Streamlight Scorpion X. What an incredible little flashlight this is! And what a value!
I paid about $50 for this 200 lumen LED powerhouse. At first, I thought it might make a good EDC light, but was mistaken; it's a bit large. The main body itself is narrow, but that giant head, with that anti-roll piece machined into it, make it a bit large for pockets. Plus, it's a bit on the heavy side for EDC work: 5 ounces. If you want an EDC light, I'd look elsewhere, but for a utility light, tactical light, or weapon light, it's hard to go wrong with the Scorpion X.
The body is machined out of aluminum and as mentioned, features an integrated anti-roll head to keep it in place. NICE! The handle portion is then covered with a rubber sleeve to give this light tons of traction in your hand.
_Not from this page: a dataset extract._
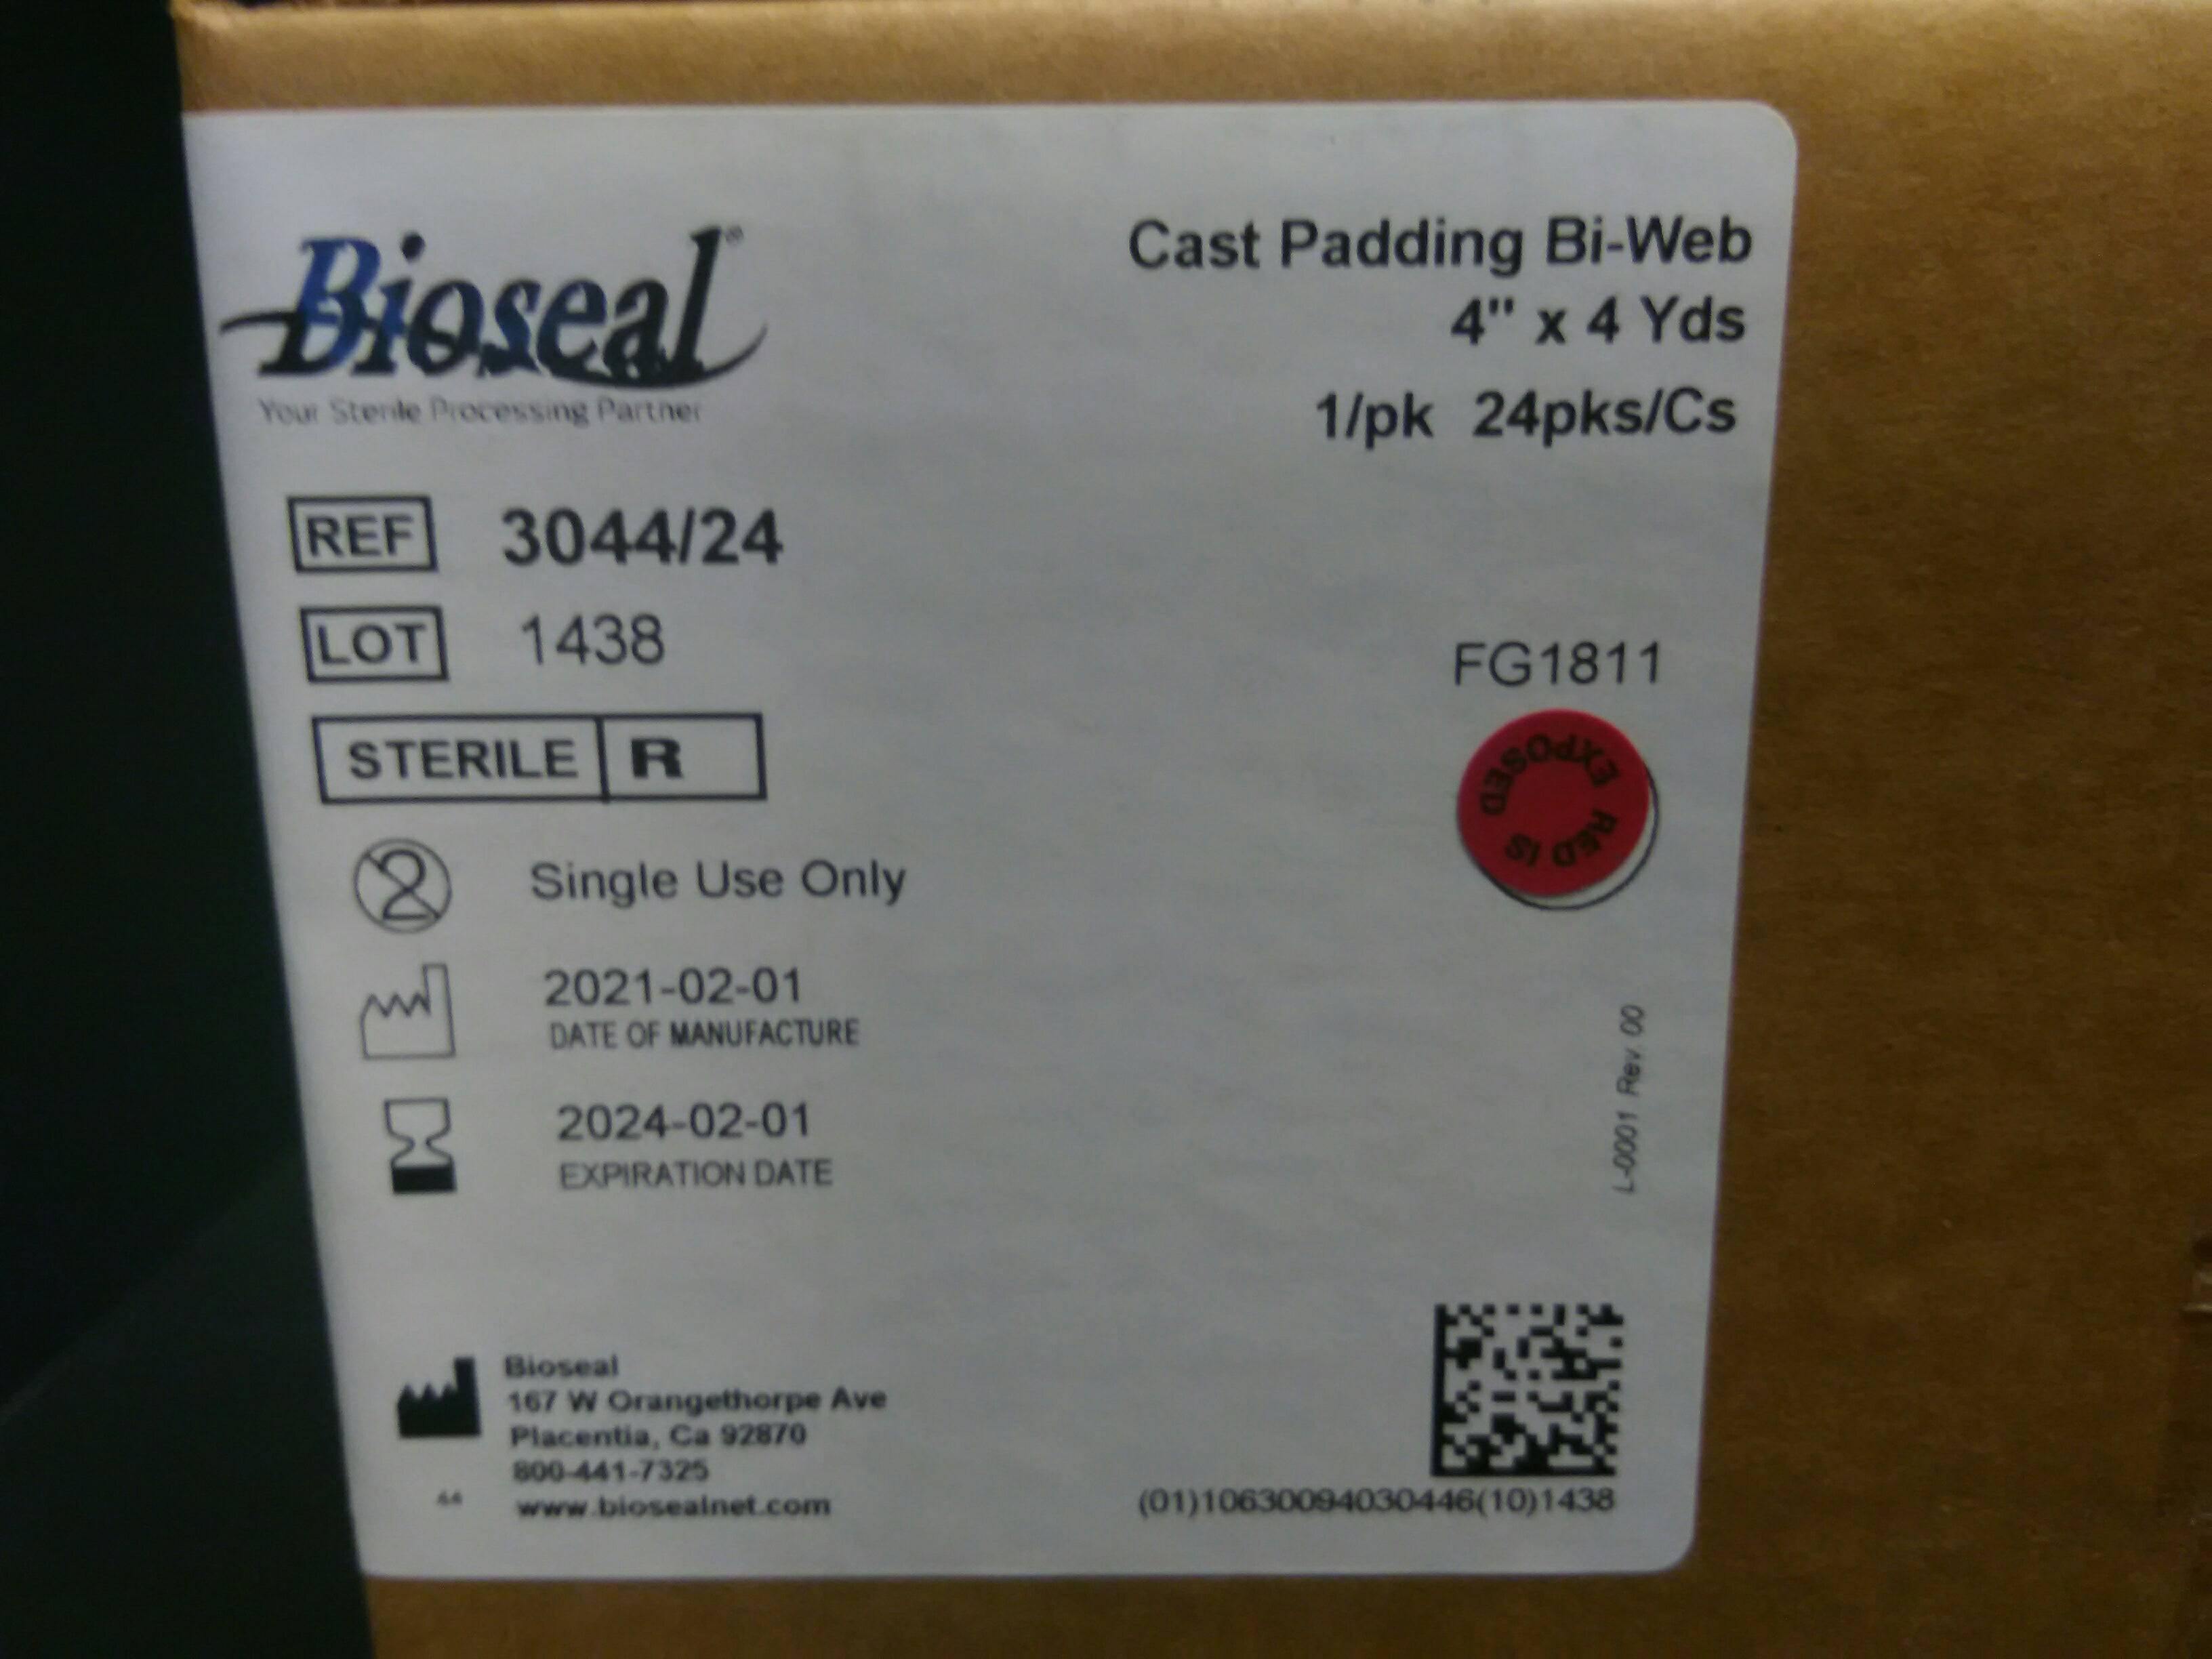 BIOSEAL 03044-24 CAST PADDING WEBRIL 4

The lens is scratch resistant and the beam is wide with a bright focal point.
At night, I can light up vehicles and people over two blocks away with this little thing and could easily make out license plate numbers and signs from over 4 blocks when used with my monocular. For close in work, you can lower the light output to 10 lumens, so it is not blinding to you. The two CR123 batteries will last 50 hours in low mode. In high mode, they last about 2 1/2 hours. There is also a strobe feature on the light, for those who wish to have it.
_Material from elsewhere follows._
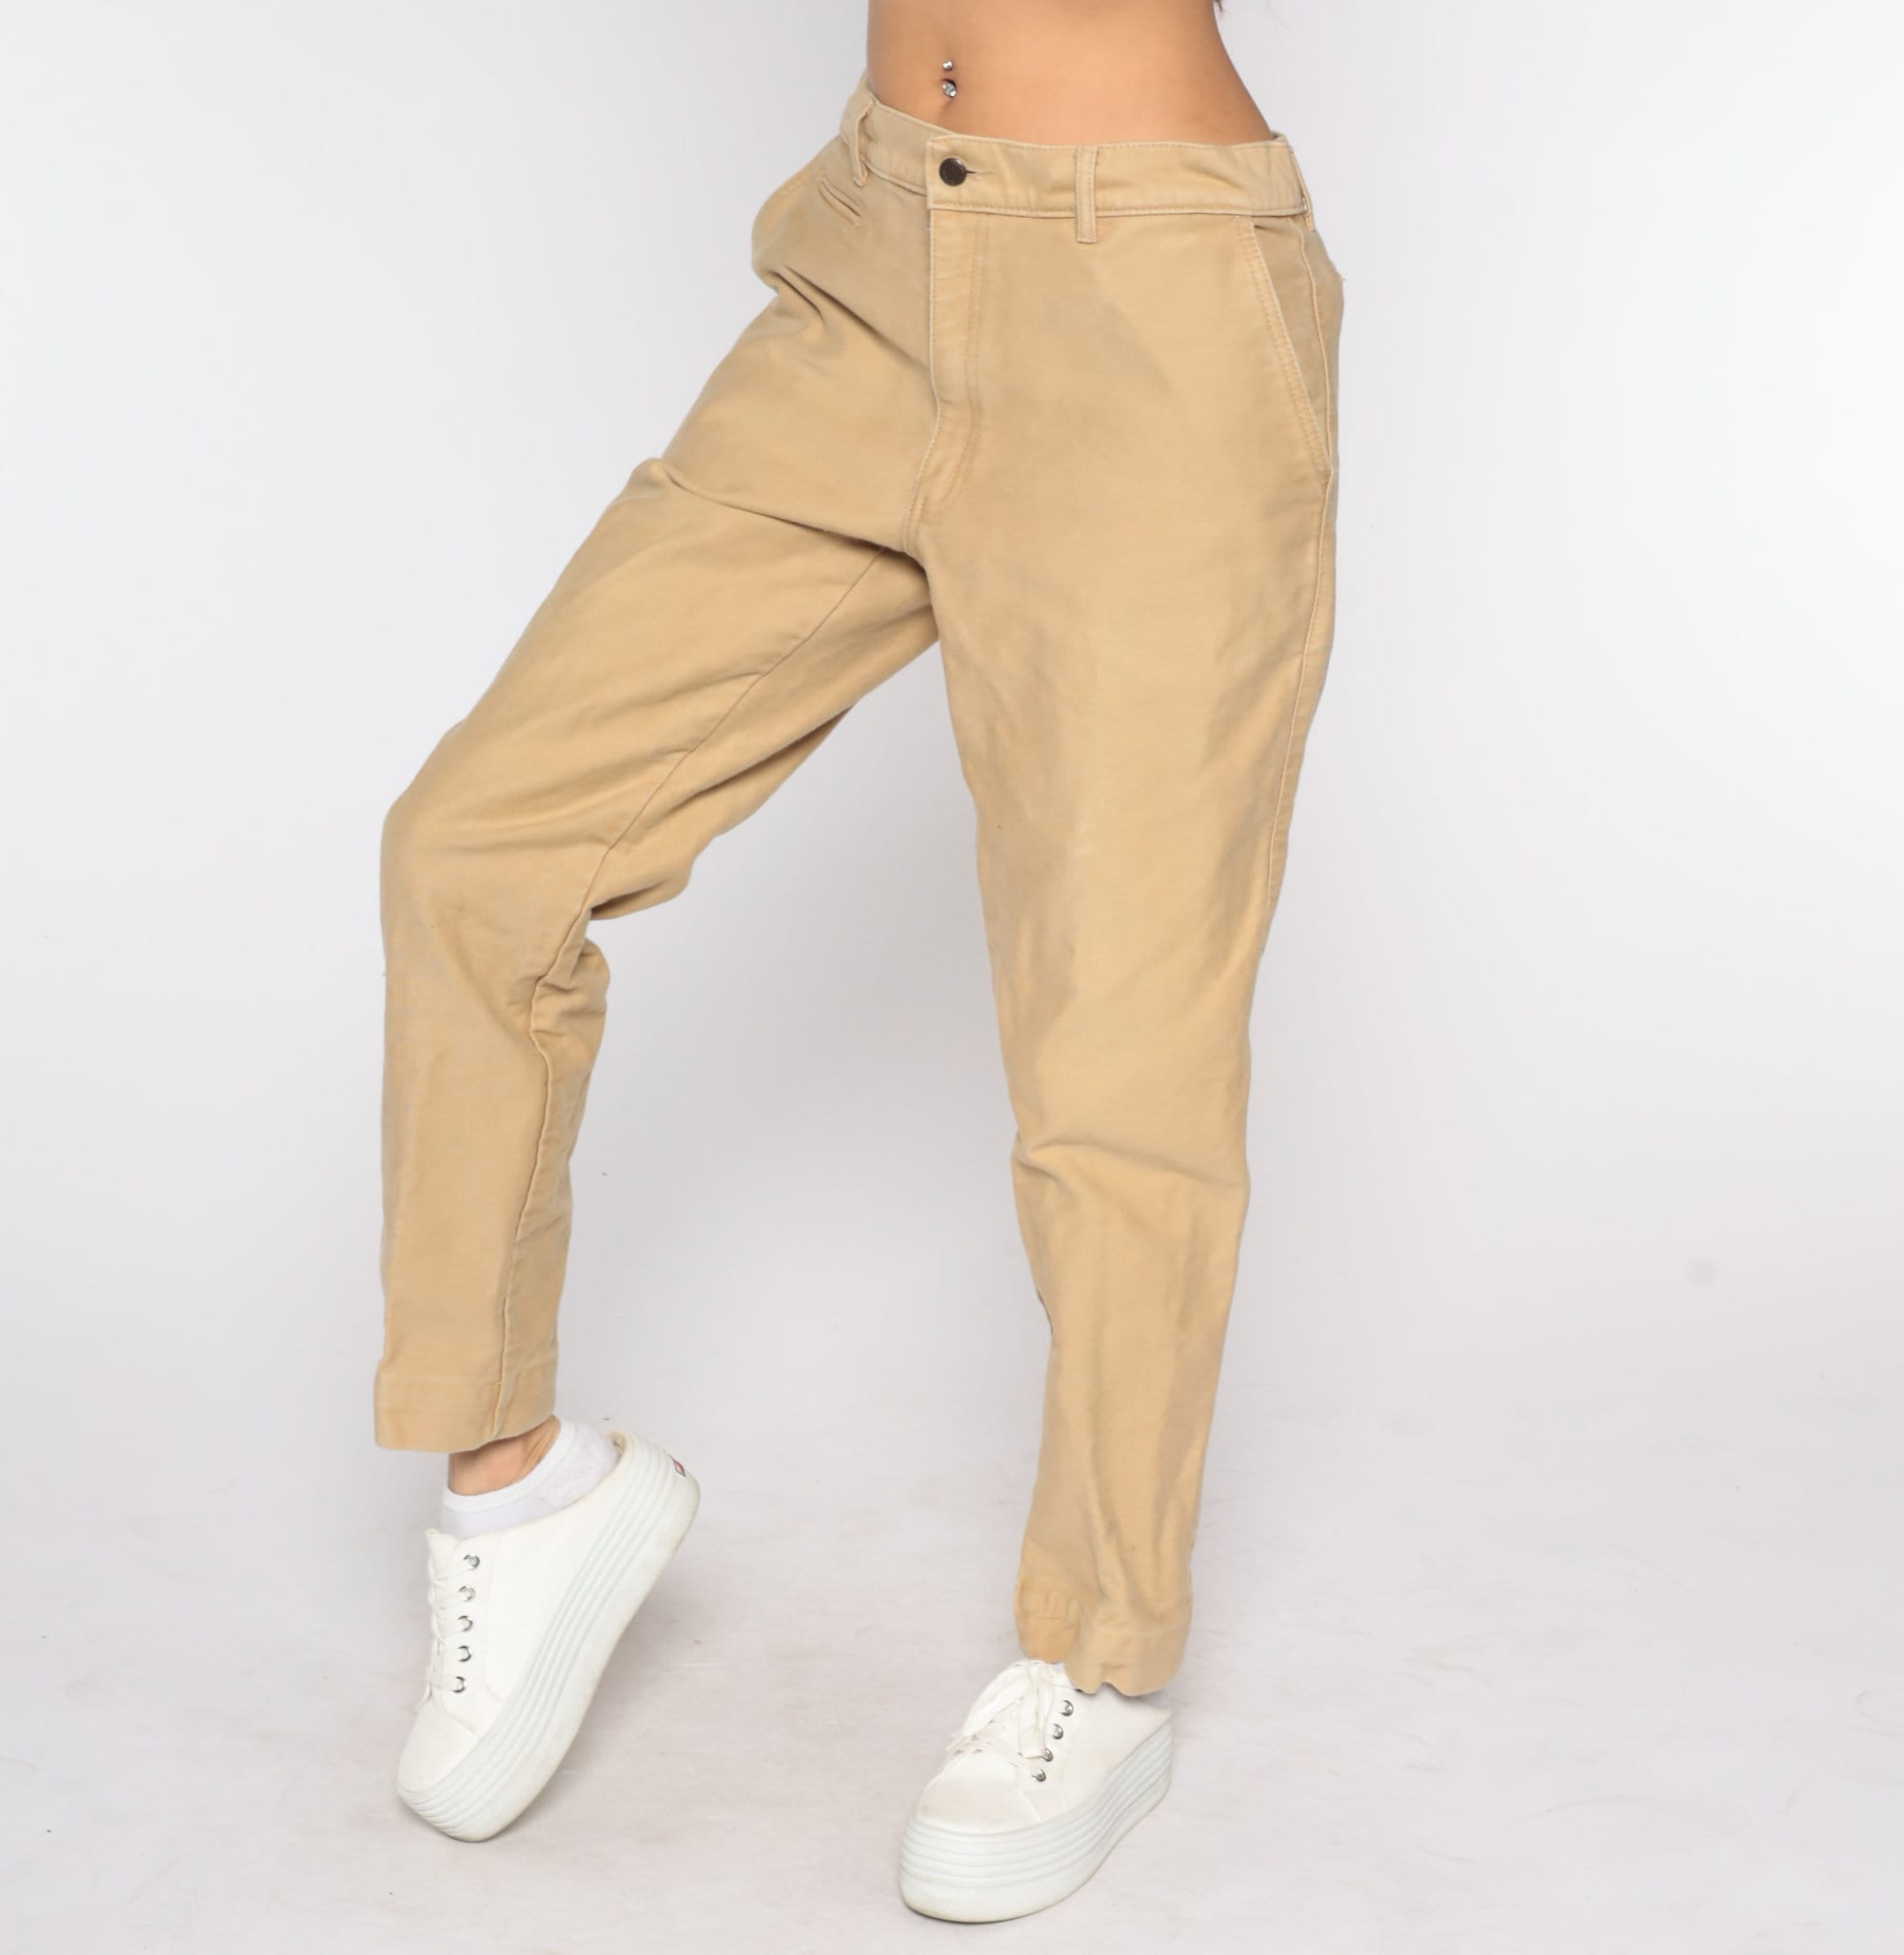 Moleskin Trousers Tan Tapered Pants High Waisted Trousers 80s Pants 1980s Vintage Slacks Pants Australian Large L 33

One gripe about this light is the rubber sleeve on the body. It also covers the button, and I was concerned that with use, the sleeve might rip or get punctured and allow water to get in. Well, I put it to the test. I took it out on a rainy night and conducted a series of drop tests from 4 feet, 6 feet, and by throwing it up in the air over 10 feet. How it landed was purely up to chance. It took a beating as I tossed it across the yard, let it sit on a flooded drain completely submerged for 10 minutes. It's also been mounted to my AR15, which was shot hundreds of times. So, how'd it fair?
The rubber sleeve did tear in a spot on the back of the light. This allowed some water to seep in, but it did not hurt the light because there are o-rings at the head, which protected it. I was able to find a retailer that sells replacement sleeves, so I purchased about 4 of them. I removed the damaged sleeve and installed a new one. After it was installed, I tested it in my bath tub under about 18 inches of water. Dry as a bone inside. As long as the sleeve is intact, this thing is highly water resistant and weatherproof.
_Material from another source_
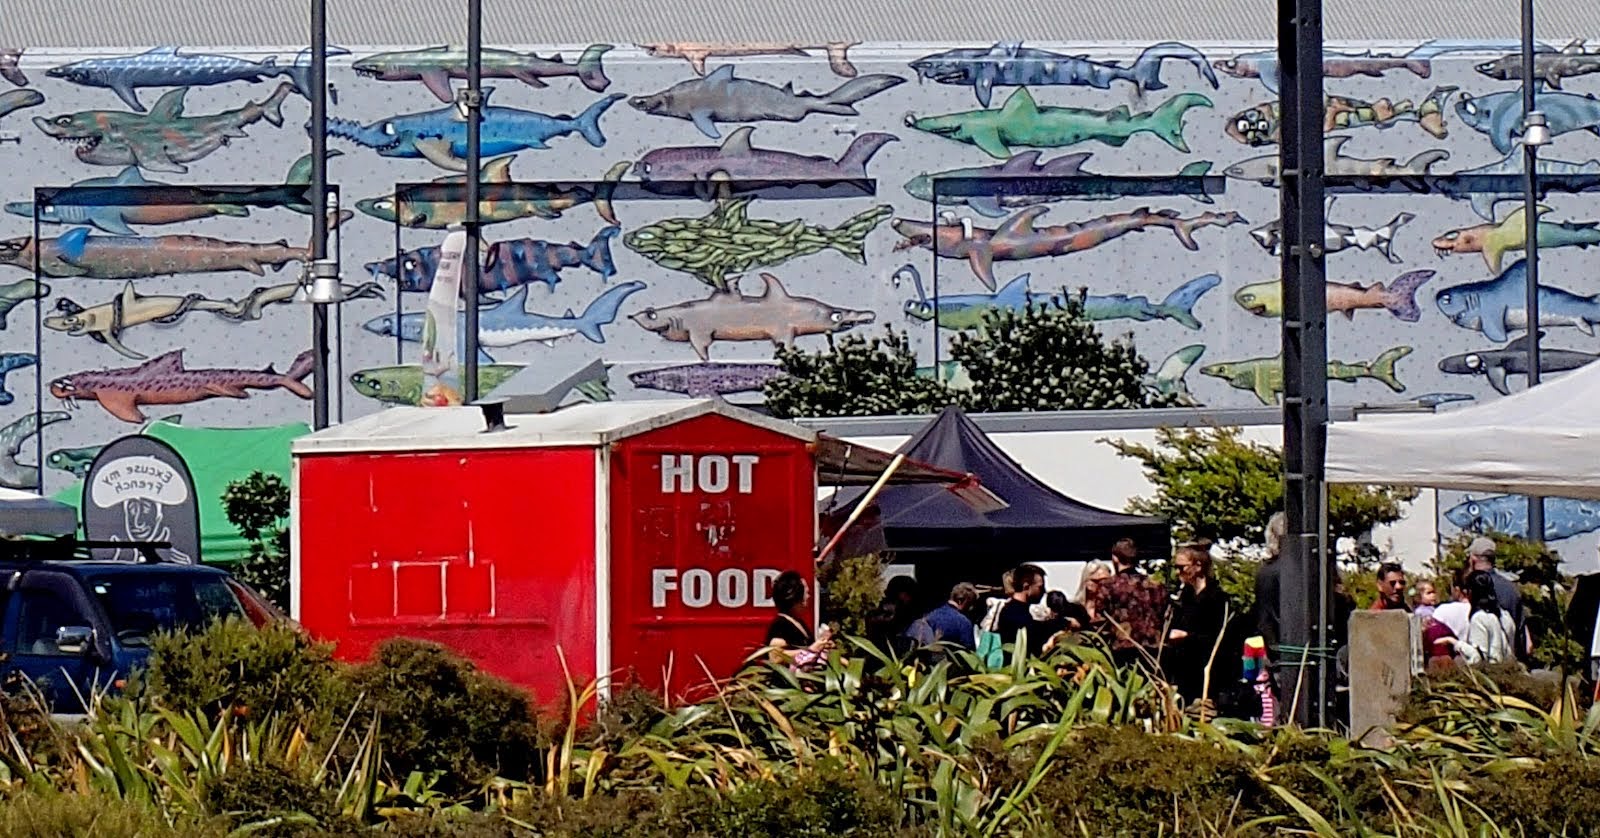 Chaffers Dock Sunday market with shark backdrop

Due to it's small size and light weight, I now have this mounted to my AR15 with a VTAC light mount. The narrow body required me to shim it in order to fit the VTAC. Instead of using electrical tape or something like that, I utilized the old sleeve. I cut it to the size needed and wrapped it around the light. After that, it was a matter of getting it into the mount and tightening the screws. It looks good there and is solid. You can't even tell I shimmed it.
The only other thing I can fault with this light is that it does not tail stand. The rubber sleeve and the button make it impossible for it to do so. For that, I don't consider this light a very effective wilderness light, but it makes a good tactical light.
I'm not going to say that this light is as good as something much more expensive like my Stinger LED or a Surefire weapon light, but the Scorpion is a good handheld, or weapon mounted tactical light. At $50, it is a huge value because you get a lot of light for not a lot of money. I like to consider this more of a practical light because it will fill a lot of roles nicely and does so at a low price point. I'd only suggest buying a few extra sleeves and keeping them around. At about $2 a piece, there isn't any reason not to. One last thing about the rubber sleeve is that it doesn't transfer heat or cold like metal does. This makes it very comfortable to hold in cold weather, as well as hot weather. That's something to think about.